Clinical FeaturesThe clinical features of Waldenstrom macroglobulinemia are variable, and many patients have asymptomatic or indolent disease. Symptoms are attributable to the extent of tumor infiltration, resulting in anemia or cytopenia when in the bone marrow, as well as organomegaly or pulmonary infiltrates. The most common symptom is fatigue attributable to anemia. Elevated levels of circulating IgM may cause an increase in vascular resistance and viscosity, and may cause abnormalities in bleeding and clotting times. Tissue deposition of IgM can occur in renal glomerular loops, intestine, and skin. In addition, the IgM protein has been proven to induce various autoimmune symptoms, such as peripheral neuropathy. Therapy is postponed for asymptomatic patients, and progressive anemia is the most common indication for initiation of treatment (review by Vijay and Gertz, 2007).

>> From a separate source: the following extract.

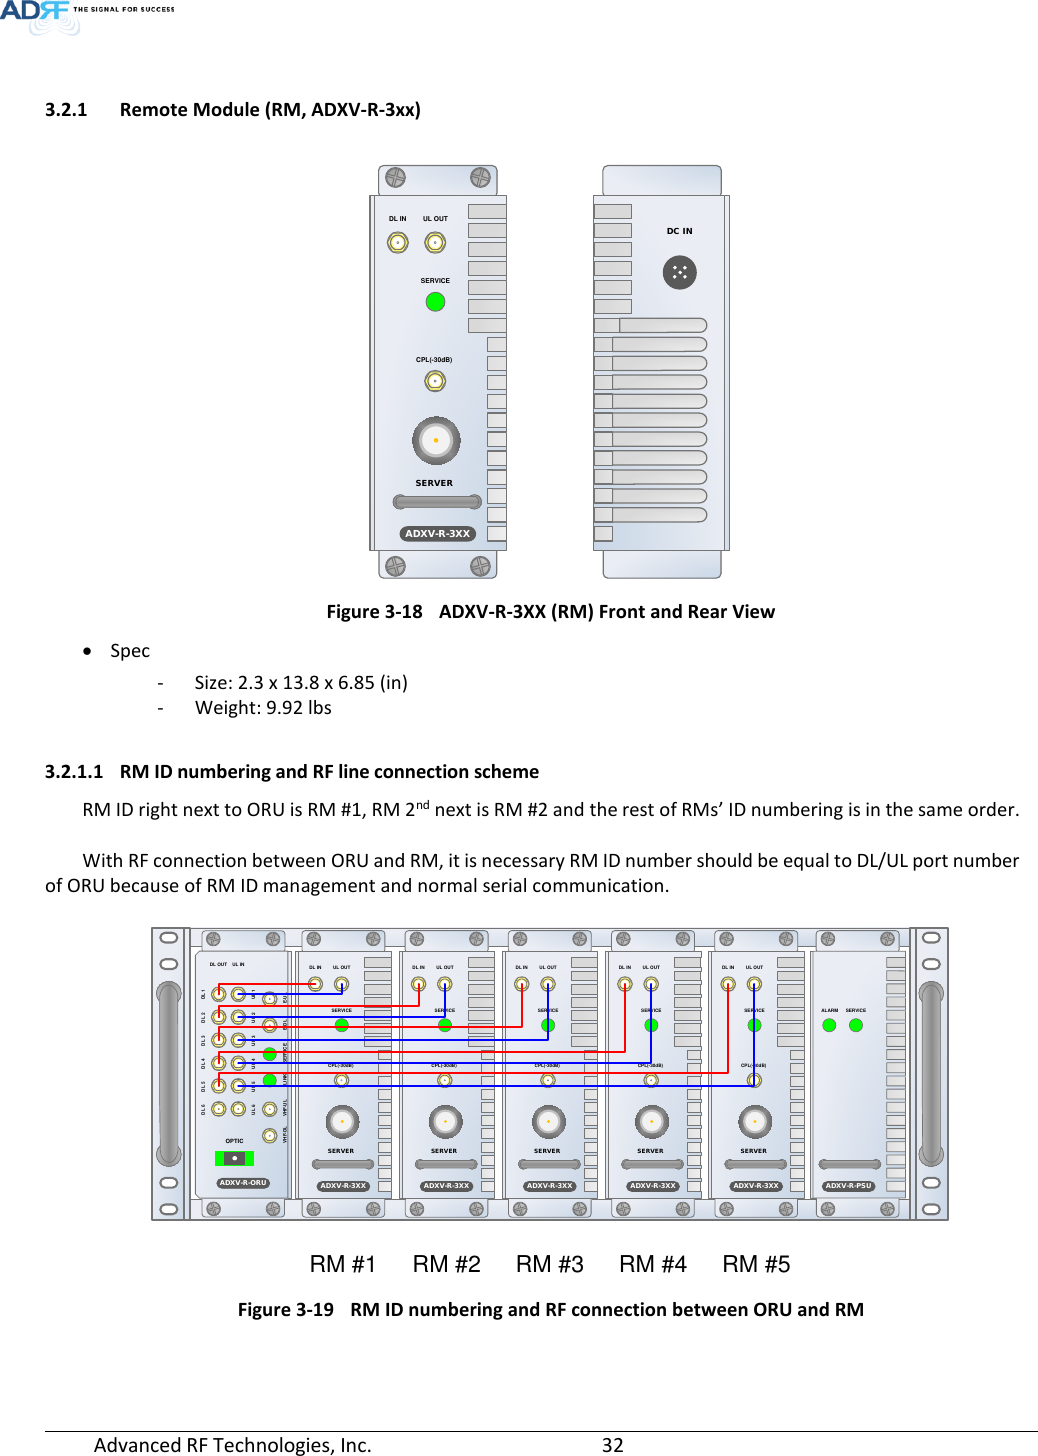 Page 32 of ADRF KOREA ADXV-R-78P-NA DAS (Distributed Antenna System) User Manual ADXV DAS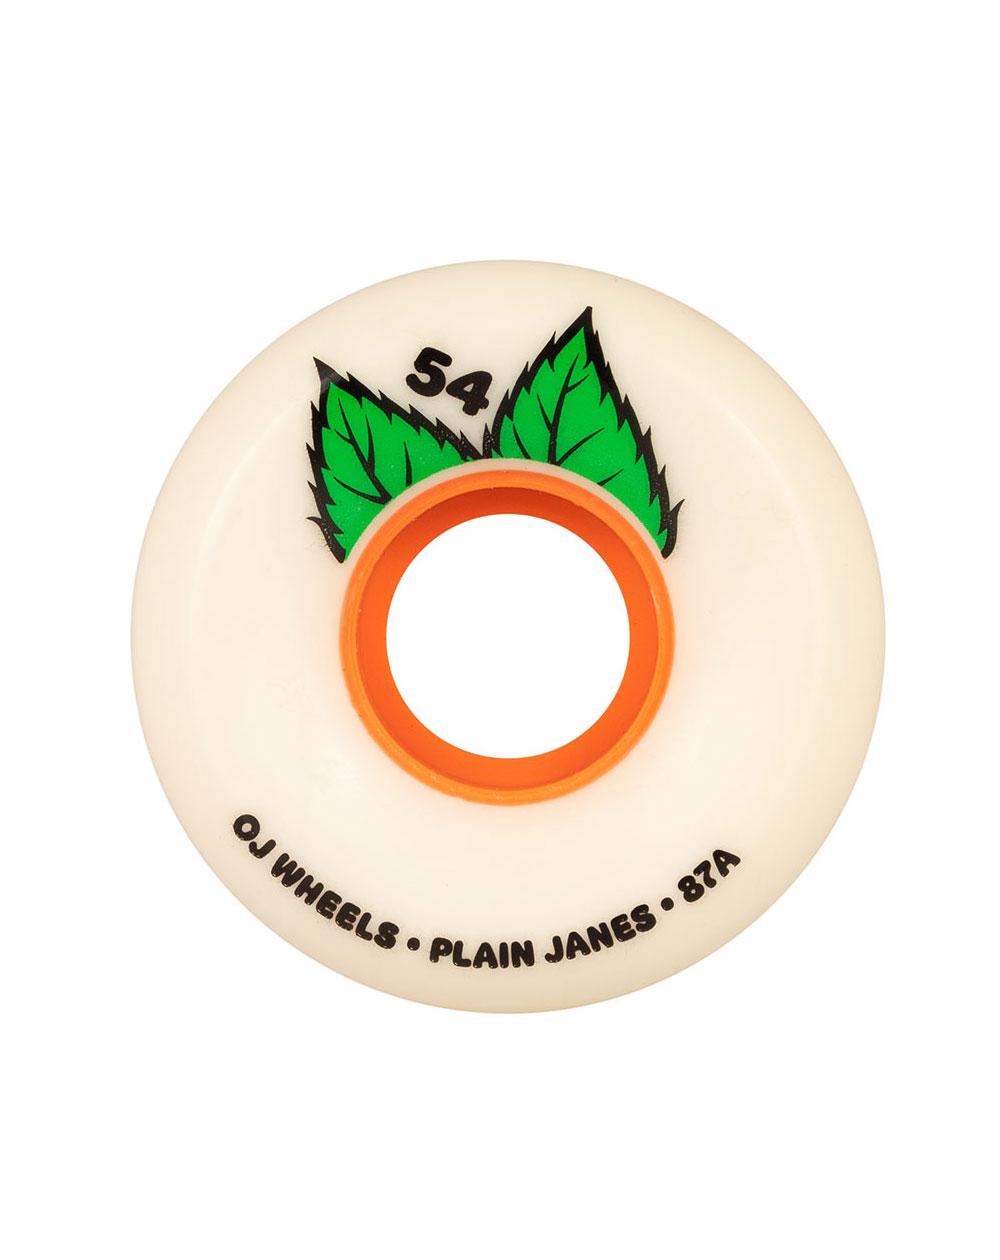 OJ Plain Jane Keyframe 54mm 87A Skateboard Wheels pack of 4

Royer et al. (2010) analyzed questionnaire-based data from 103 WM patients and 272 unaffected relatives from 35 families with WM and 46 families with mixed WM/B-cell disorders, as well as 28 patients with sporadic disease. The nature and course of the disease process did not differ between those with and without a significant family history. The mean age at diagnosis was 59 years for familial cases and 62.2 years for sporadic cases. Patients with a family history of the disorder were more likely than unaffected relatives to report a history of autoimmune disease (odds ratio (OR) of 2.27) and infections (OR of 2.13), as well as more likely to report exposure to farming (OR of 2.70), pesticides (OR of 2.83), wood dust (OR of 2.86), and organic solvents (OR of 4.21). The study implicated chronic immune stimulation in the development of WM, and suggested that both genetic and environmental factors can modulate susceptibility to development of the disorder.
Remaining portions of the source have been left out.